Table of Contents ECNDT '98 Session: Chemical, Petrochemical

Controlling Ultrasonic-Inspection Intervals by Monitoring Hydrogen Permeation Peter Bo Mortensen, Curt Christensen, Carsten Peyk *Corresponding Author Contact: FORCE Institute, Park Allé 345, DK-2605 Broendby, Denmark, +45 43 26 70 00, +45 43 26 70 11, info@force.dk, http://www.force.dk

Abstract

Hydrogen induced damages in the form of laminar cracking, stepwise cracking and stress oriented cracking are briefly discussed. Hydrogen permeation data are presented and compared with hydrogen concentration profiles and hydrogen induced cracking behaviour. A concept for monitoring the hydrogen permeation flux/concentration on refinery vessels in service in order to evaluate the need for ultrasonic-testing will be described.

Introduction

Hydrogen in steel may have a devastating effect on strength and integrity and may result in internal fissuring, loss of ductility and cracking. Hydrogen may enter the steel at high temperature during casting, forging and welding, and it is common industrial practice to minimize possible hydrogen pick-up from the environment during these processes.
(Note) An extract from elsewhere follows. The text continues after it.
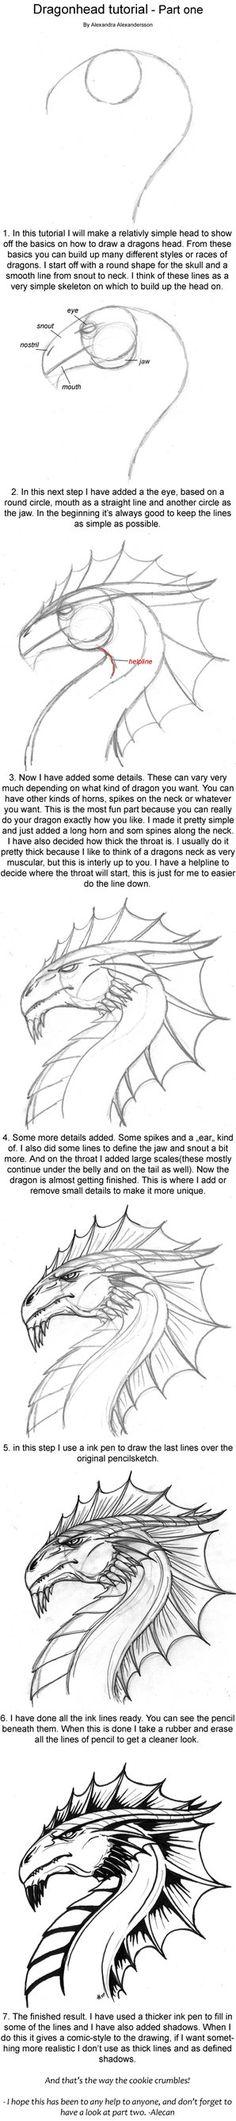 dragon age tactics tutorial
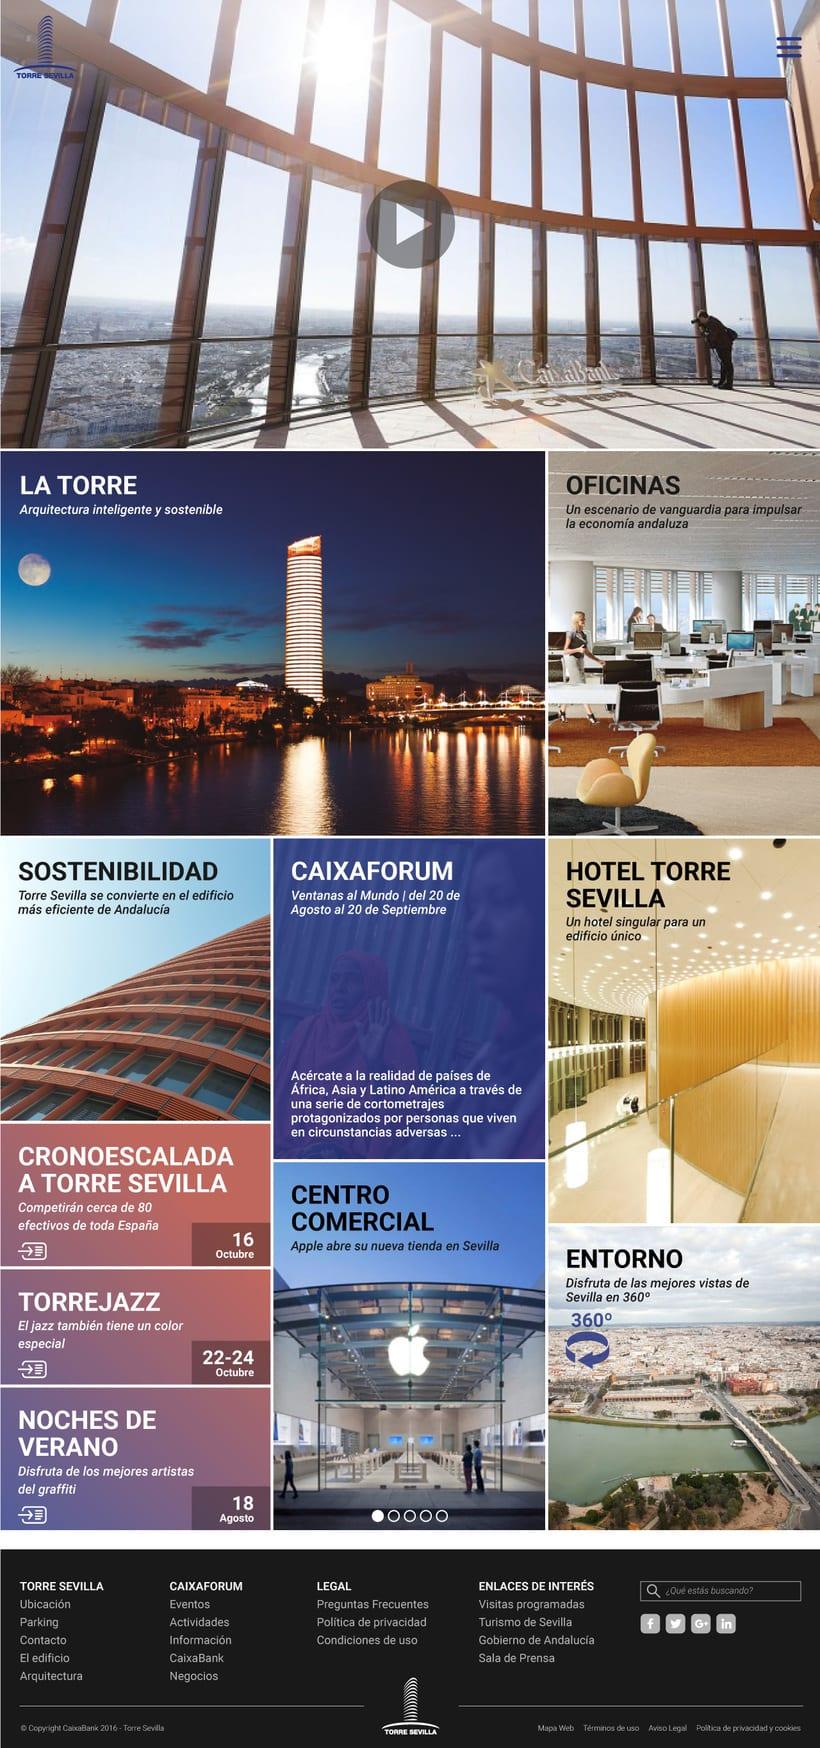 Proyecto presentado a Caixabank para el site de Torre Sevilla 2

Hydrogen may be introduced into steel also at ambient temperatures as a result of electrochemical reactions such as acid pickling, plating and corrosion. In oxygen free wet H₂S environments as frequently encountered in the oil and gas industry, the corrosion process involves discharging of hydrogen ions at the corroding surface and part of the liberated hydrogen atoms are absorbed into the steel substrate as interstitial atoms. Within the steel it may also segregate as molecular hydrogen at non-coherent phase boundaries (inclusions) or it may concentrate in areas of higher solubility (chemical segregation's) or high lattice dilatation (triaxial stresses).

Hydrogen may exert its damaging effects through a number of partly competitive, partly complimentary mechanisms generally known as:

Pressurized fissure mechanism [1]
Surface adsorption energy mechanism [2]
Decohesion mechanism [3], and
Enhanced plasticity [4]


In practice, the corrosion induced hydrogen damage is referred to as sulphide stress cracking, SSC, and hydrogen induced cracking, HIC. The latter encompasses stepwise cracking, SWC, and stress oriented hydrogen induced cracking, SOHIC. The types of damage are schematically shown in Fig 1.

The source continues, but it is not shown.